John Bolton Rogerson (1809–1859) was an English poet. He worked in a mercantile firm and afterwards with a solicitor in Manchester; kept a bookshop from 1834 to 1841; contributed to newspapers, and subsequently engaged in journalistic and other enterprises. He published several volumes of poems.

== Life ==
John Bolton Rogerson was born at Manchester on 20 January 1809, the son of James Rogerson by his wife, Elisabeth. At the age of thirteen he left school and began work in a mercantile firm, but was afterwards placed with a solicitor. Law being distasteful to him, he opened a bookshop in Manchester in 1834, which he carried on until 1841.

Around 1840 he became part of a collective of working class poets known as the Sun Inn Group, which met regularly at a pub on Long Millgate in Manchester. While its key social figure was John Critchley Prince, Rogerson was its most important organisational figure, responsible for arranging and chairing many of its meetings. Rogerson was also responsible for compiling and editing the Sun Inn Group's only published anthology, The Festive Wreath (1842). As editor of Oddfellows' Magazine from 1841 until 1848, he gave a number of Sun Inn Group members—including Isabella Banks—their first paid poetry commissions.

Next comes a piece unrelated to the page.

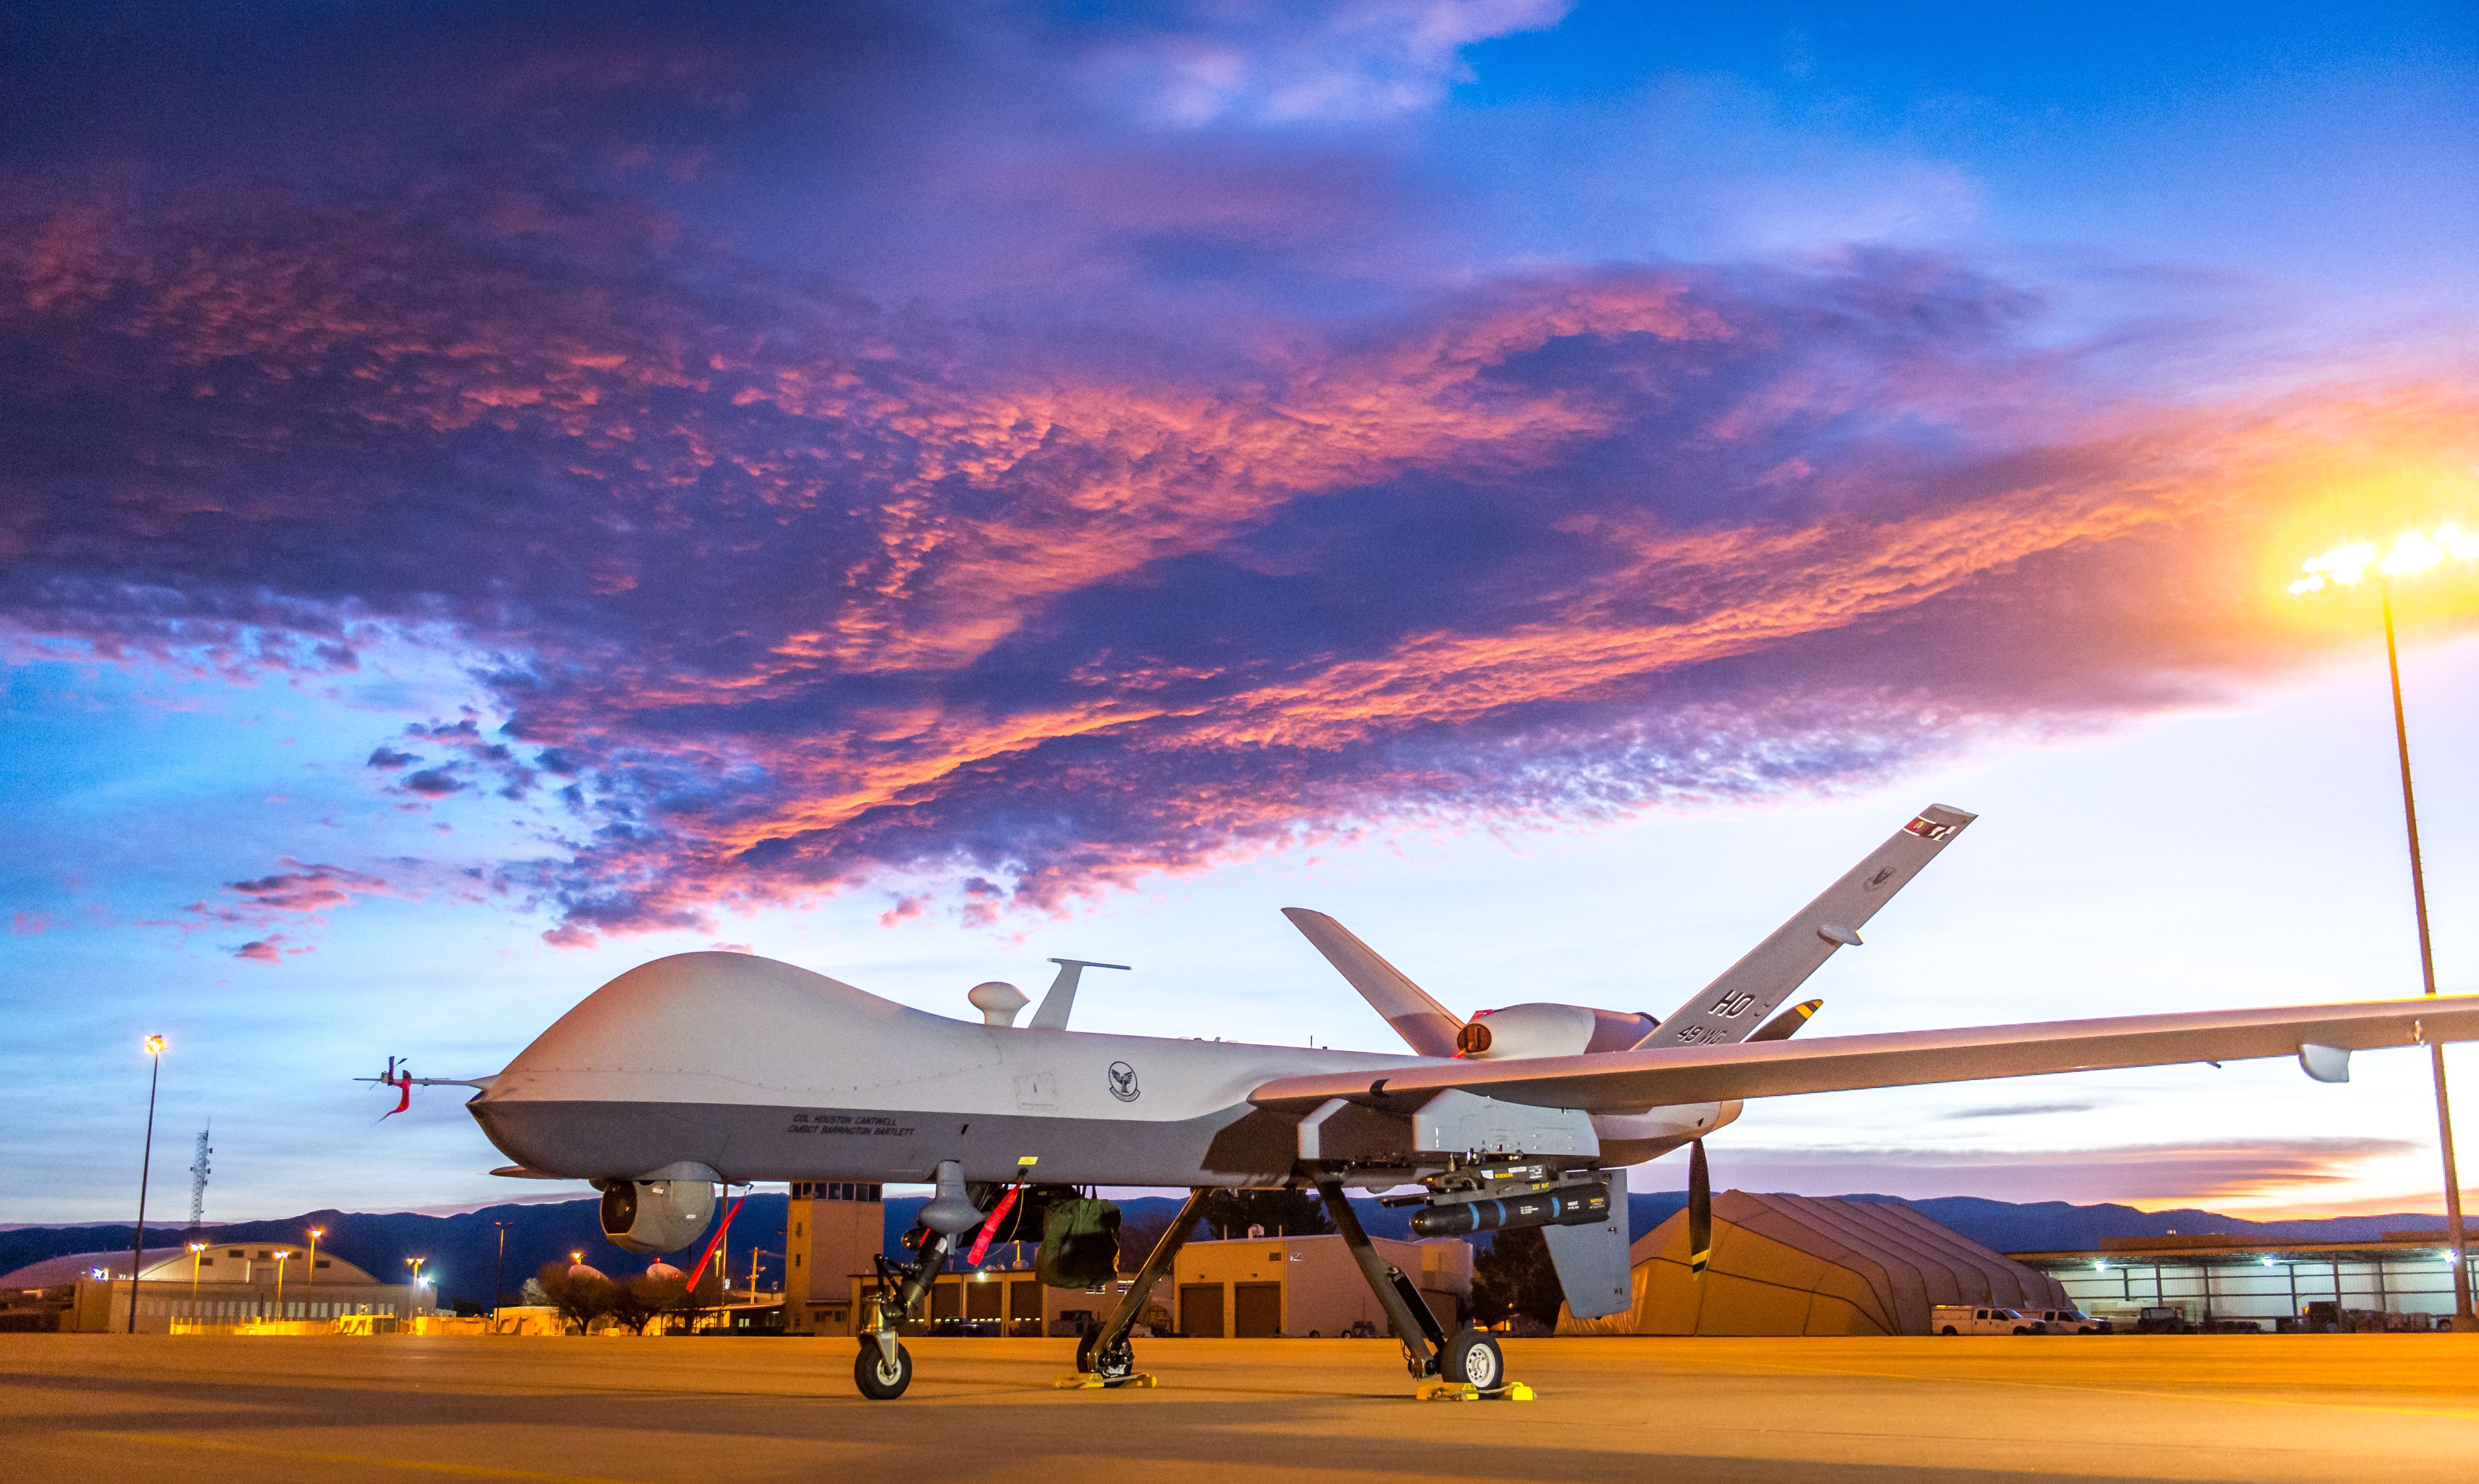 The sun rises over an MQ-9 Reaper remotely piloted aircraft at Holloman Air Force Base, N.M., Dec. 16, 2016. The 49th Aircraft Maintenance Squadron supports the 6th Reconnaissance Squadron

The next few years were devoted to literary work, and in 1849 he was appointed registrar of the Manchester cemetery at Harpurhey. He was an amateur actor, was president for some years of the Manchester Shakespearean Society, and was for a short time on the staff of the Manchester Theatre Royal. In his youth he had written a play in three acts, called The Baron of Manchester, which was produced at a local theatre. He also lectured on literary and educational subjects.

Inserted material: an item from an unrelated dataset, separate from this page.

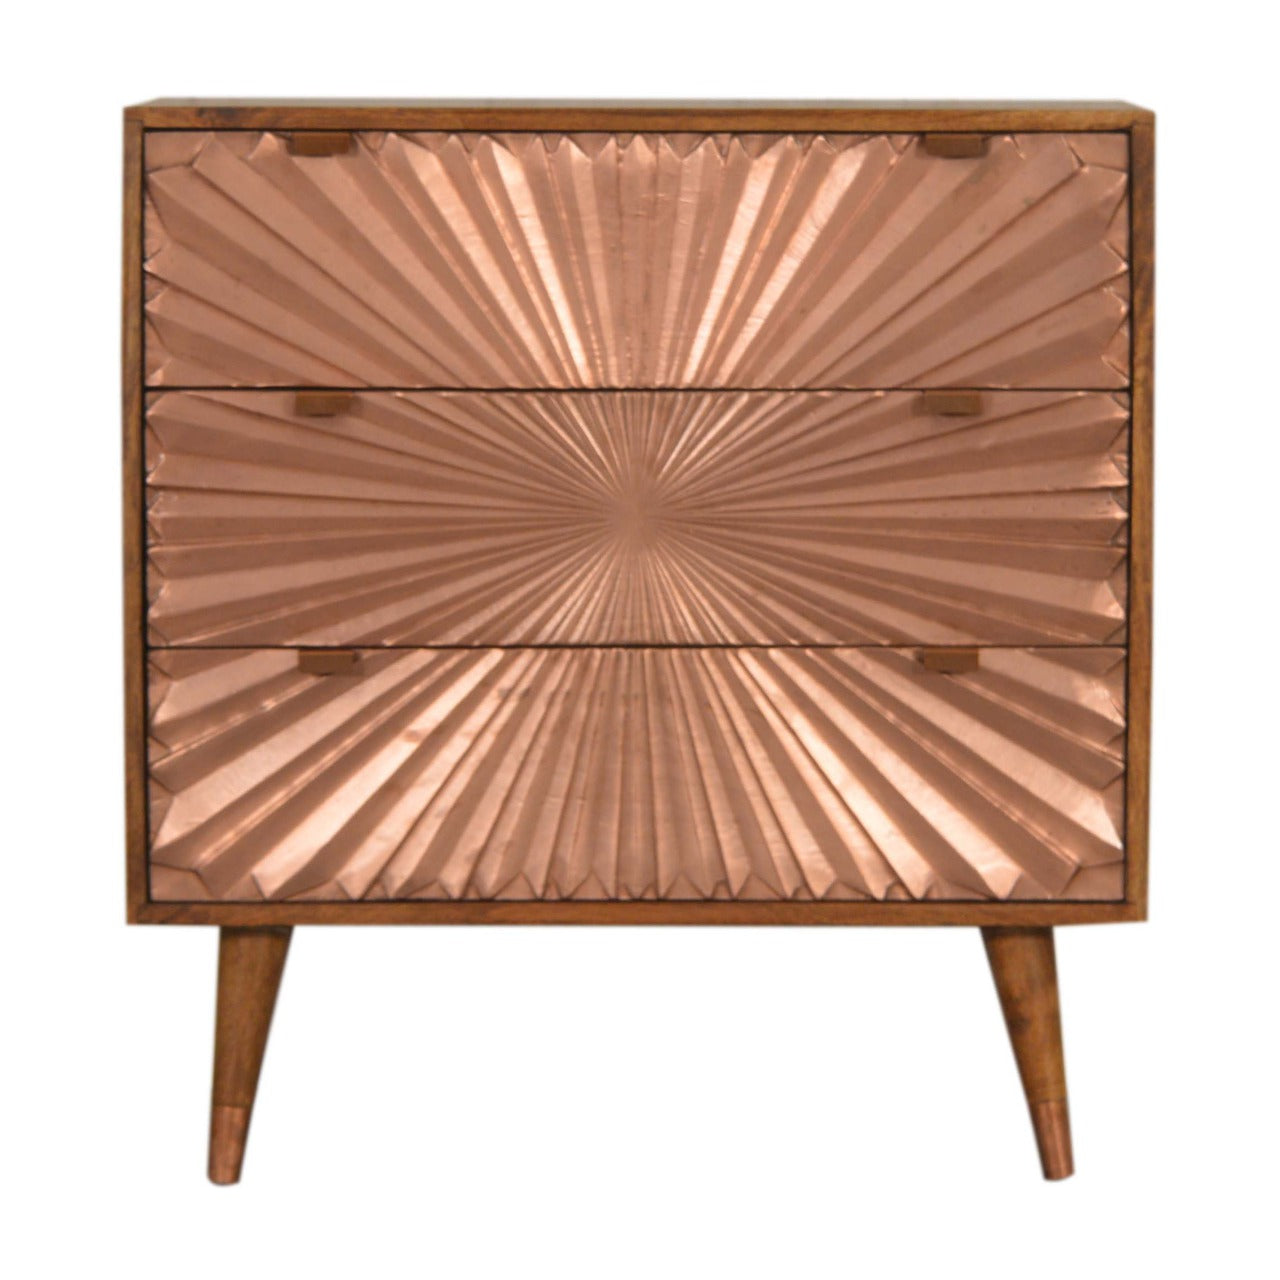 Solid Wood Manila Copper Chest

From early years he was an eager if desultory reader, and soon became a writer of verse, but destroyed most of his juvenile efforts. He first appeared in print in 1826 in the Manchester Guardian, and in the following year wrote for the Liverpool Kaleidoscope. In 1828 he joined John Hewitt in editing the Phœnix, or Manchester Literary Journal, a performance which lasted only a few months. He was editor of the Falcon, or Journal of Literature in 1831, Oddfellows' Magazine from 1841 until 1848, and the Chaplet, a Poetical Offering for the Lyceum Bazaar in 1841 (all published in Manchester).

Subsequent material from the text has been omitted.